- Data extract -
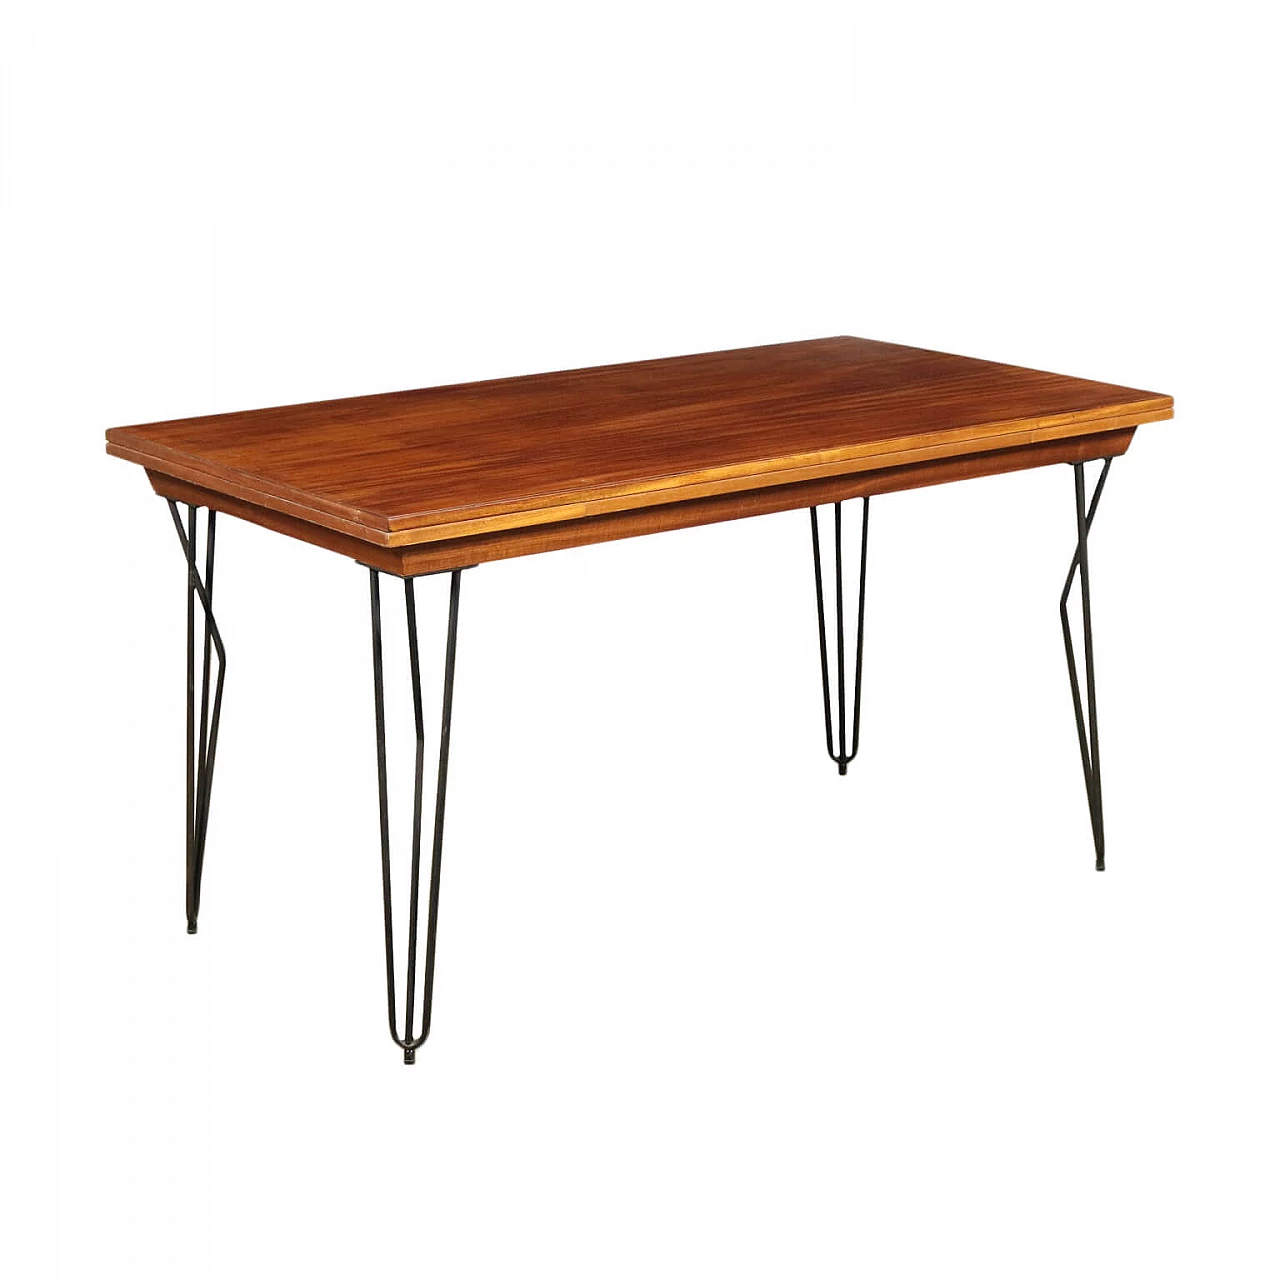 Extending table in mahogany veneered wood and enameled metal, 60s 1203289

* * *

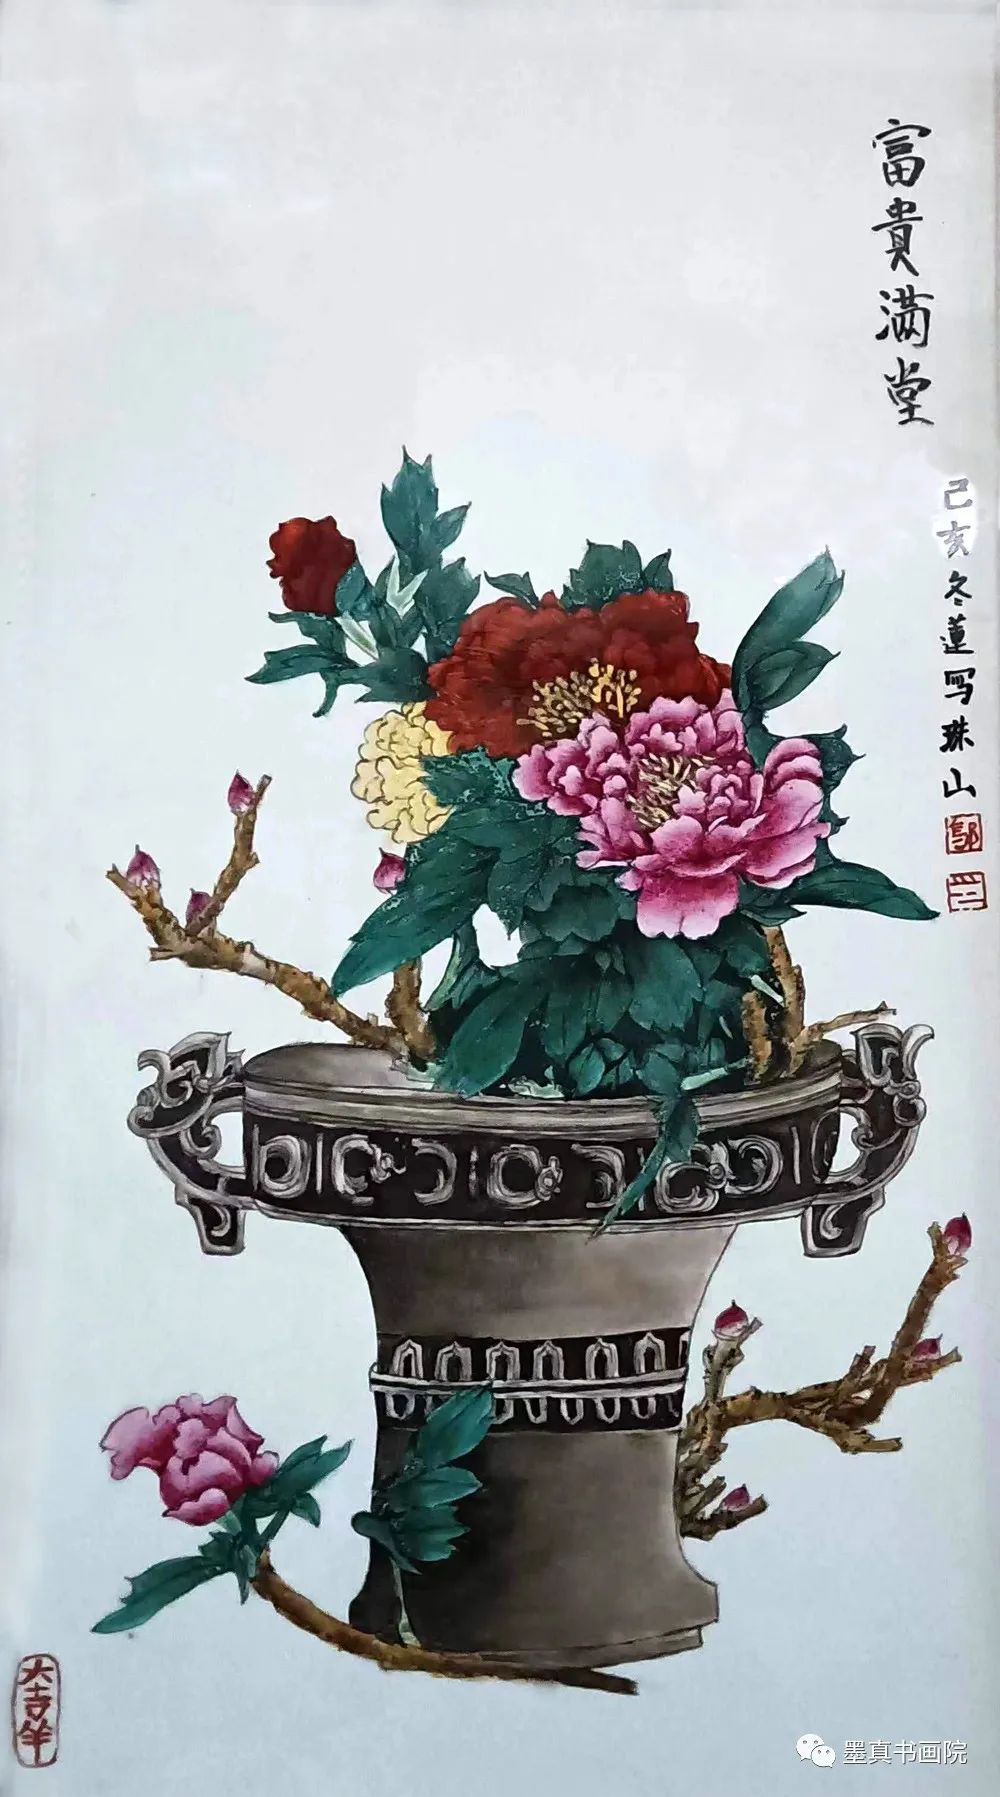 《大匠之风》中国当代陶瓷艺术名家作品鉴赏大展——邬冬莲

==

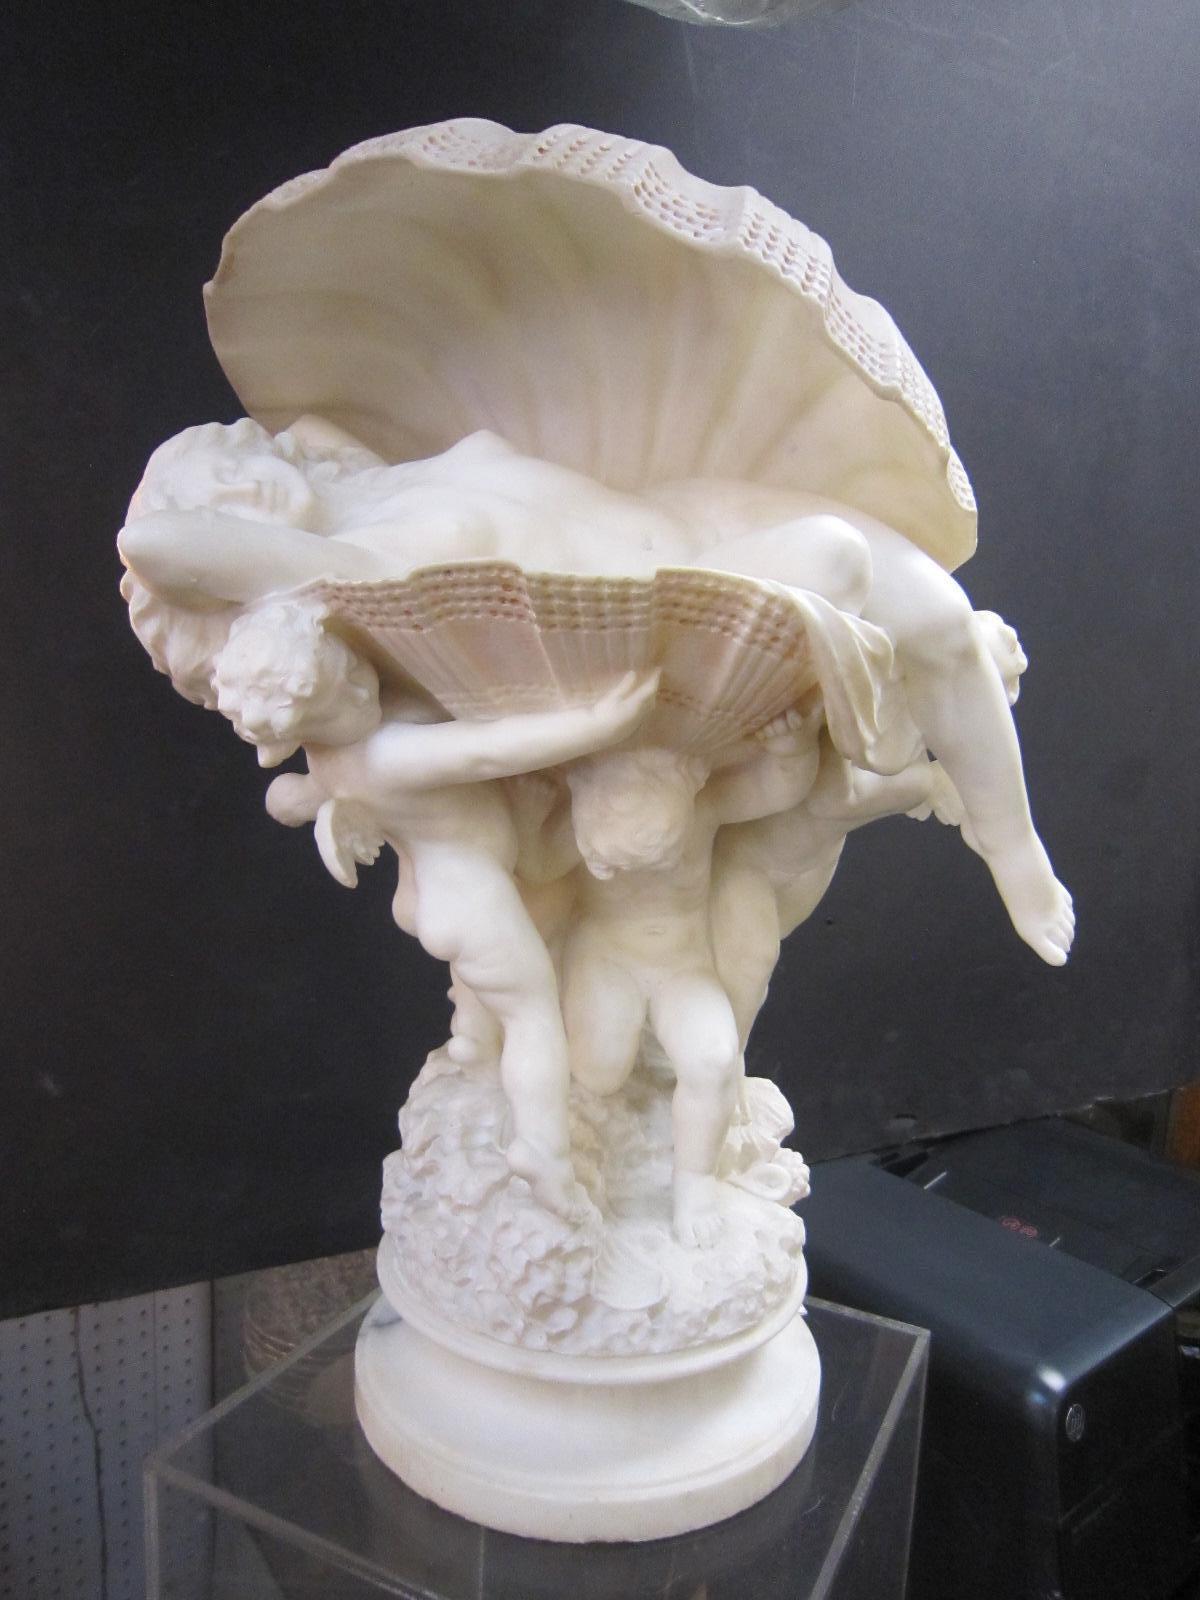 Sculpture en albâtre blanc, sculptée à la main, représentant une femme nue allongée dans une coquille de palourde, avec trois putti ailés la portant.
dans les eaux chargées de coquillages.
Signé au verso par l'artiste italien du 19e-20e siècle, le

- What this task involves -
Copy out the lines above exactly, beginning at the one that contains "dans les eaux chargées de coquillages." and ending at the one that contains "Signé au verso".

- Task answer -
dans les eaux chargées de coquillages.
Signé au verso par l'artiste italien du 19e-20e siècle, le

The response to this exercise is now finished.